Saudi Arabia’s spending is taking a clear strategic shift

2024-08-23 06:01:16

Riyadh, Saudi Arabia.

Xavierarnau | E+ | Getty Images

Saudi Arabia is going all out to promote domestic investment, while also imposing higher requirements on foreigners who want to invest in the country.

Saudi Arabia’s $925 billion sovereign wealth fund will see assets rise 29% to 2.87 trillion Saudi riyals ($765.2 billion) by 2023, with local investment the main driver, according to its annual report released earlier this week.

The fund’s investments in domestic infrastructure and real estate development rose 15% year-on-year to 233 billion riyals, while its outbound investments rose 14% to 586 billion riyals. Meanwhile, the Saudi government has introduced laws and reforms to promote and even force investment in the kingdom, while developing its “Vision 2030” plan to diversify its oil-dependent economy.

Tarik Solomon, honorary chairman of the American Chamber of Commerce in Saudi Arabia, told CNBC: “The PIF report signals a shift in investment focus from external drivers to domestic opportunities. The days of viewing Saudi Arabia as a mere financial treasure trove are over.”

“Today, PIF’s success depends on a partnership based on mutual trust and a long-term perspective, where stakeholders are expected to make meaningful contributions with capital, rather than just pursuing profits.”

One example is Saudi Arabia’s headquarters law, which came into effect on January 1, 2024 and requires foreign companies operating in the Gulf region to locate their Middle East headquarters in Riyadh if they want to sign contracts with the Saudi government.

Saudi Arabia’s recently updated Investment Law is also designed to attract more foreign investment – ​​and sets an ambitious target of attracting $100 billion in FDI per year by 2030.

Currently, this number has Average annual revenue: about US$12 billion Saudi Arabia’s economy has been languishing since Vision 2030 was announced in 2017, but it is still a long way from reaching that goal, according to the Saudi Ministry of Investment.

Some observers in the region have expressed doubts about whether the $100 billion figure is realistic.

“The new investment law is absolutely crucial to facilitate more foreign direct investment, but whether it will lead to a significant increase and amount of capital required remains to be seen,” a Gulf-based financier told CNBC, speaking on condition of anonymity due to professional constraints.

Solomon agreed, noting that increased spending on major projects would require higher break-even oil prices for the Saudi budget.

“It remains to be seen whether the Pacific Islands Fund’s domestic investments will deliver the expected returns, particularly in a region fraught with instability, with oil-dependent budgets and facing a prolonged period of low oil prices,” he said.

Watch CNBC's full interview with Saudi Arabia's economy minister

However, James Swanston, Middle East and North Africa economist at Capital Economics, wrote in a recent report that the new law will “improve the local business environment to attract overseas investment.”

Investors have long complained that vague and often ad hoc rules have prevented greater foreign participation in the Saudi economy. The Saudi government said the new law would align the rights and obligations of foreign investors with those of citizens, introduce a simplified registration process to replace licensing requirements and streamline judicial proceedings, among other things.

“We have long argued that so-called ‘wasta’ (roughly translated as ‘who you know’) has been a significant barrier to foreign companies setting up in Saudi Arabia,” Swanston wrote.

He added that spurring more foreign investment “should also ease the recent burden on the Public Investment Fund to offset weakening foreign capital inflows to Cambodia”.

No more “dumb money”

The shift toward greater scrutiny and domestic priorities is not new; on the contrary, its pace is accelerating every year.

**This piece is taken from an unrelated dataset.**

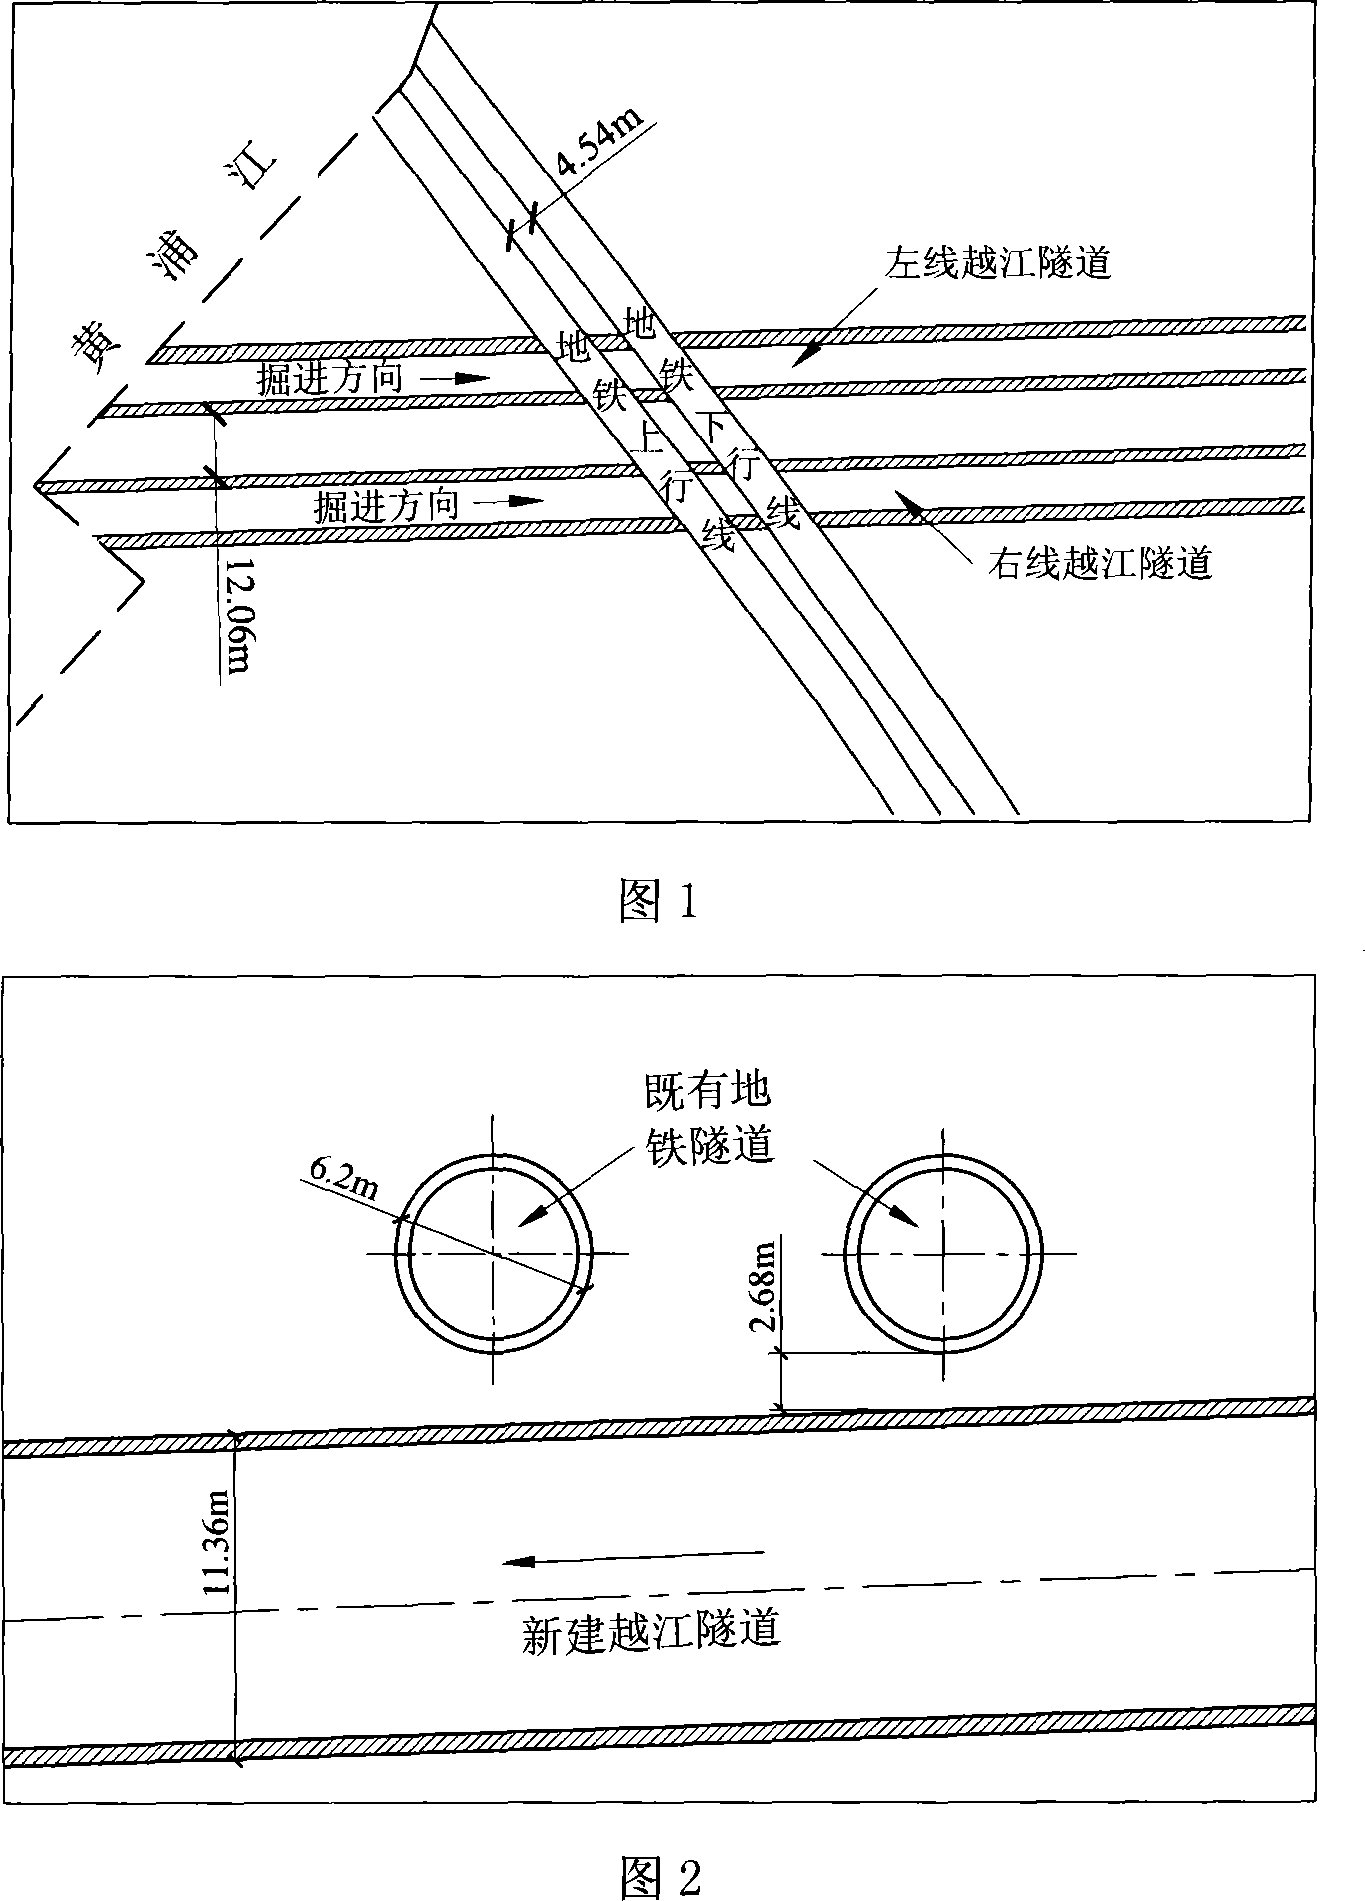 Large diameter tunneling close range down-traversing small diameter subway tunnel distortion control method

While many overseas companies have long viewed the Gulf as a source of “dumb money,” some local investment managers say — referring to the stereotype of oil-rich sheikhdoms throwing money at anyone who wants it — investments coming out of the region have become more sophisticated, employing deeper due diligence and being more selective than in years past.

“Before, you could simply say, ‘I’m a fund manager in San Francisco, give me a few million,’ ” said Marc Nassim, partner and managing director at Awad Capital, an investment bank in Dubai. revealed to CNBC in 2023.

“I think very few of them will be able to get funding from the region – they are much more selective than before.”

The Gulf financier, who spoke on condition of anonymity, said if Saudi Arabia’s priorities were unclear to foreign investors before, they are now clear.

“The PIF has been working over the last few years to attract investment into Saudi Arabia,” he said. “It took a while for bankers to fully appreciate the scope and scale of this move. This is all about transforming the economy.”